Economía

La estrategia económica: estabilizar precios y fortalecer el Banco Central


Tras el dato de inflación de marzo, que marcó un 3,4%, el panorama económico sumará en los próximos días otro indicador negativo cuando el INDEC difunda la evolución de la actividad de febrero, un mes que mostró caídas generalizadas. Sin embargo, en el oficialismo aseguran que se trata de cifras que miran hacia atrás y destacan señales más alentadoras de cara a los próximos meses.

El equipo económico liderado por Luis Caputo avanza con una hoja de ruta clara: bajar la inflación y recomponer el nivel de reservas del Banco Central.

Uno de los ejes centrales pasa por reforzar el frente financiero. En ese sentido, el respaldo de organismos internacionales como el Fondo Monetario Internacional y el Banco Mundial aparece como clave para acceder a financiamiento más barato. La posibilidad de obtener crédito en dólares a tasas más bajas permitiría despejar vencimientos de deuda y reducir la presión sobre las reservas.

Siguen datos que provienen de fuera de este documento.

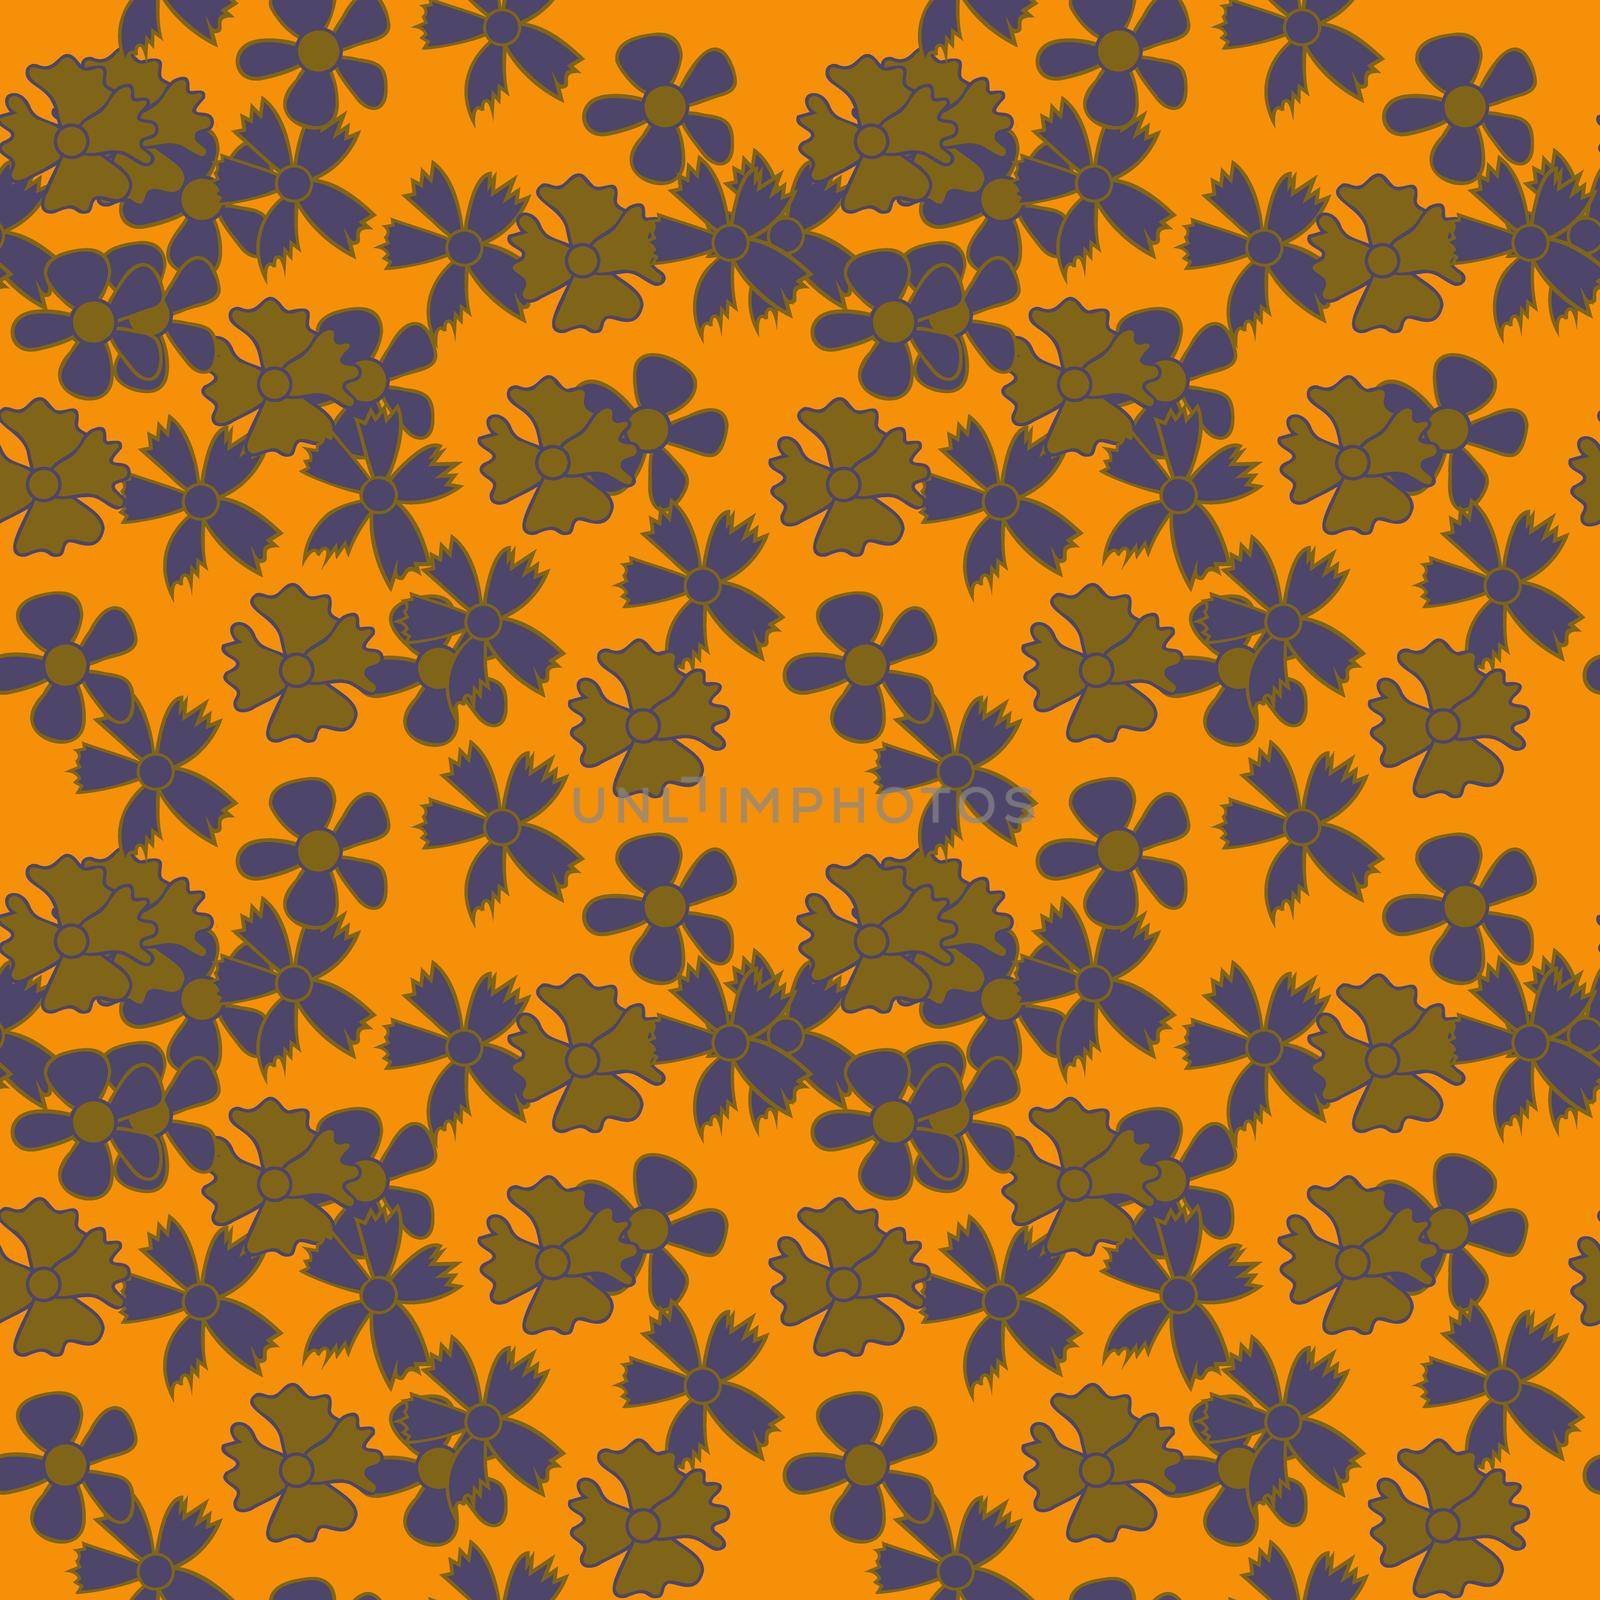 Folk flowers art pattern Floral abstract surface design  Seamless pattern by eskimos

El objetivo es claro: evitar que los dólares comprados por el Banco Central se utilicen para pagar compromisos externos. De esta manera, el Gobierno busca consolidar un colchón de divisas más sólido. El acuerdo con el FMI establece una meta de acumulación de USD 8.000 millones en el año, un camino que, según estimaciones privadas, podría incluso superarse.

En paralelo, el Tesoro recurre al mercado local para cubrir vencimientos en moneda extranjera, lo que también contribuye a preservar reservas. Esta estrategia se complementa con una mejora en las condiciones financieras, el riesgo país mostró una baja significativa en los últimos días, impulsado tanto por factores externos como por anuncios económicos internos.

En cuanto a la inflación, en el oficialismo consideran que marzo podría haber marcado un punto máximo en la dinámica reciente. Para abril, las proyecciones indican una desaceleración hacia niveles cercanos al 2,5%, favorecida por una menor presión en rubros clave como alimentos, educación y combustibles.

La baja de la inflación no solo es un objetivo macroeconómico, sino también una condición necesaria para recomponer el poder adquisitivo. Actualmente, los salarios vienen perdiendo frente a los precios desde hace varios meses, lo que impacta en el consumo y en la percepción general de la economía.

Esa “sensación térmica” negativa se refleja en distintos relevamientos de opinión, donde crece el pesimismo sobre la situación actual. Aun así, en el Gobierno confían en que una mejora sostenida en los indicadores permita revertir esas expectativas.

Otro factor que podría jugar a favor es el ingreso de divisas del sector agroexportador en los próximos meses, lo que facilitaría la compra de dólares por parte del Banco Central. Este flujo, junto con la estabilidad cambiaria, ayudaría a consolidar el esquema económico.

De cara al resto del año, el nivel de actividad sigue siendo una incógnita. Si bien organismos internacionales prevén crecimiento para la Argentina, las estimaciones fueron ajustadas a la baja. El desafío, coinciden analistas, será lograr que la recuperación alcance a sectores más rezagados y no quede concentrada en áreas puntuales.

En ese contexto, el Gobierno apuesta a normalizar el funcionamiento del sistema financiero, con medidas que buscan estabilizar tasas e incentivar el crédito. La meta de fondo es reactivar la economía sin poner en riesgo el proceso de desinflación ni la acumulación de reservas, los dos pilares sobre los que se apoya la estrategia oficial.